Милостивые государи! Речь моя посвящена памяти Лермонтова. На школе лежит долг хранить и поддерживать память о родных поэта. Неблагодарность есть недостаток самосознания. Для русской школы имя Лермонтова не только одно из немногих классических имен, но и неотразимо симпатичное имя. Есть в лермонтовской поэзии особенное, педагогическое обаяние: ей одной свойственна та чистота, почти кристальность изображения, какую мы встречаем в пьесах «Ангел», «Три пальмы», «Молитва», «Ветка Палестины». Боденштедт сказал, что если бы от Лермонтова осталась одна только «Песня про купца Калашникова», этого было бы довольно для его славы;[1] я убежден, что если бы от нашего поэта остались только эти четыре стихотворения, без которых теперь не обходится ни одна хрестоматия, то русская школа все-таки поминала бы его имя с почетом и благодарностью. Говорить о Лермонтове всего естественнее в эти дни, когда память о нем ожила среди нас, благодаря пятидесятилетию со дня его смерти, и сотни тысяч книг с его именем, портретом, стихами хлынули по всей России такой благодатной волной.
Приемы современной истории литературы неблагоприятны для эстетического изучения поэзии.
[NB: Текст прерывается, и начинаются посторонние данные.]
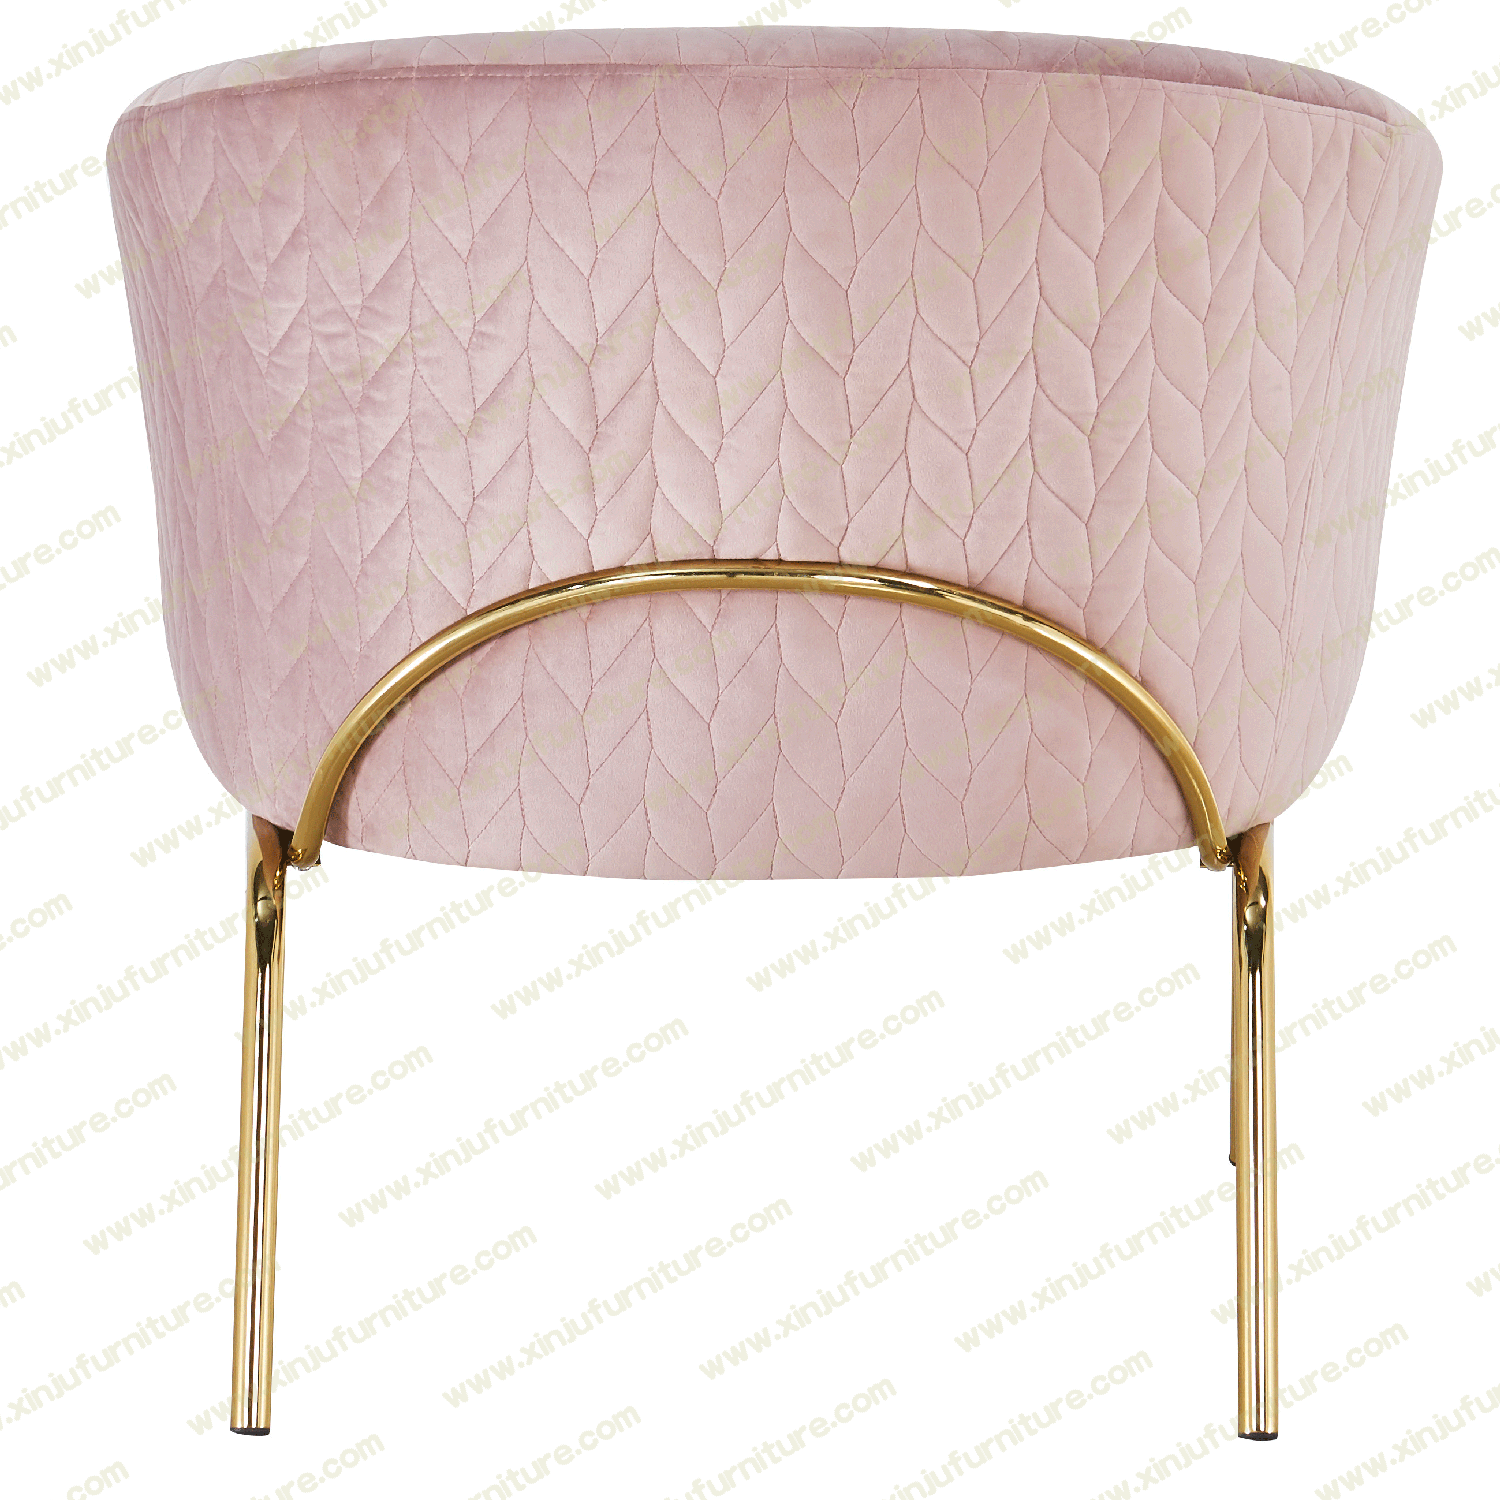 High grade comfortable popular pink bedroom sofa chair

Как ни важна биография поэта, но в ней, к несчастью, минуты, «когда божественный глагол до слуха чуткого коснется»,[2] тонут в тех годах, когда «меж детей ничтожных мира / Быть может, всех ничтожней он».[3] Крупнейший представитель исторического метода Тэн,[4] этот натуралист от литературы, порвал с эстетикой и почти уничтожил самый термин «поэзия»: он вдвинул поэтов в ряды литераторов. Еще дальше от поэзии как искусства отвлекает работающих сравнительный метод: тут все силы направлены на исследование сюжетов и мотивов, на литературные влияния и заимствования литература изучается экстенсивно. Третье новейшее направление, так называемое научно-критическое, ставит себе задачей познать писателя и его произведения на основании влияния его на общество – здесь поэзия уже совсем сошла с подмостков и вместе с литературой низведена на степень народного чтения. Детальное изучение произведений – филологическое, эстетическое, психологическое – силою вещей отходит таким образом на второй план. У нас его почти нет. Точностью текстов поэта дорожат мало и забывают, что у поэта не наше слово – знак, а художественное слово – образ. Стоит только напомнить, что наша поэзия, поэзия мировая, насчитывает всего три критических издания[5] и что ни один из русских поэтов не имеет (сколько-нибудь полного) словаря, как древние классики или Дант, Шекспир, Мольер, Гете – на Западе. Равнодушие к эстетике почти похоронило детальное изучение произведений, в читателях оно ослабило литературный вкус, для поэтов понизило ценз. И вот, когда случай заставит на некоторое время пристально сосредоточить внимание на поэте, невольно пожалеешь о том времени, когда Лессинг был театральным критиком, Шиллер – законодателем эстетики или когда Sainte-Beuve,[6] запираясь от всех, жил и дышал в атмосфере изучаемого им писателя. Я не говорю уже о той роскоши, когда сам поэт, как Кардуччи, комментирует Данта и издает Петрарку или когда Леопарди издает оды с собственными филологическими примечаниями.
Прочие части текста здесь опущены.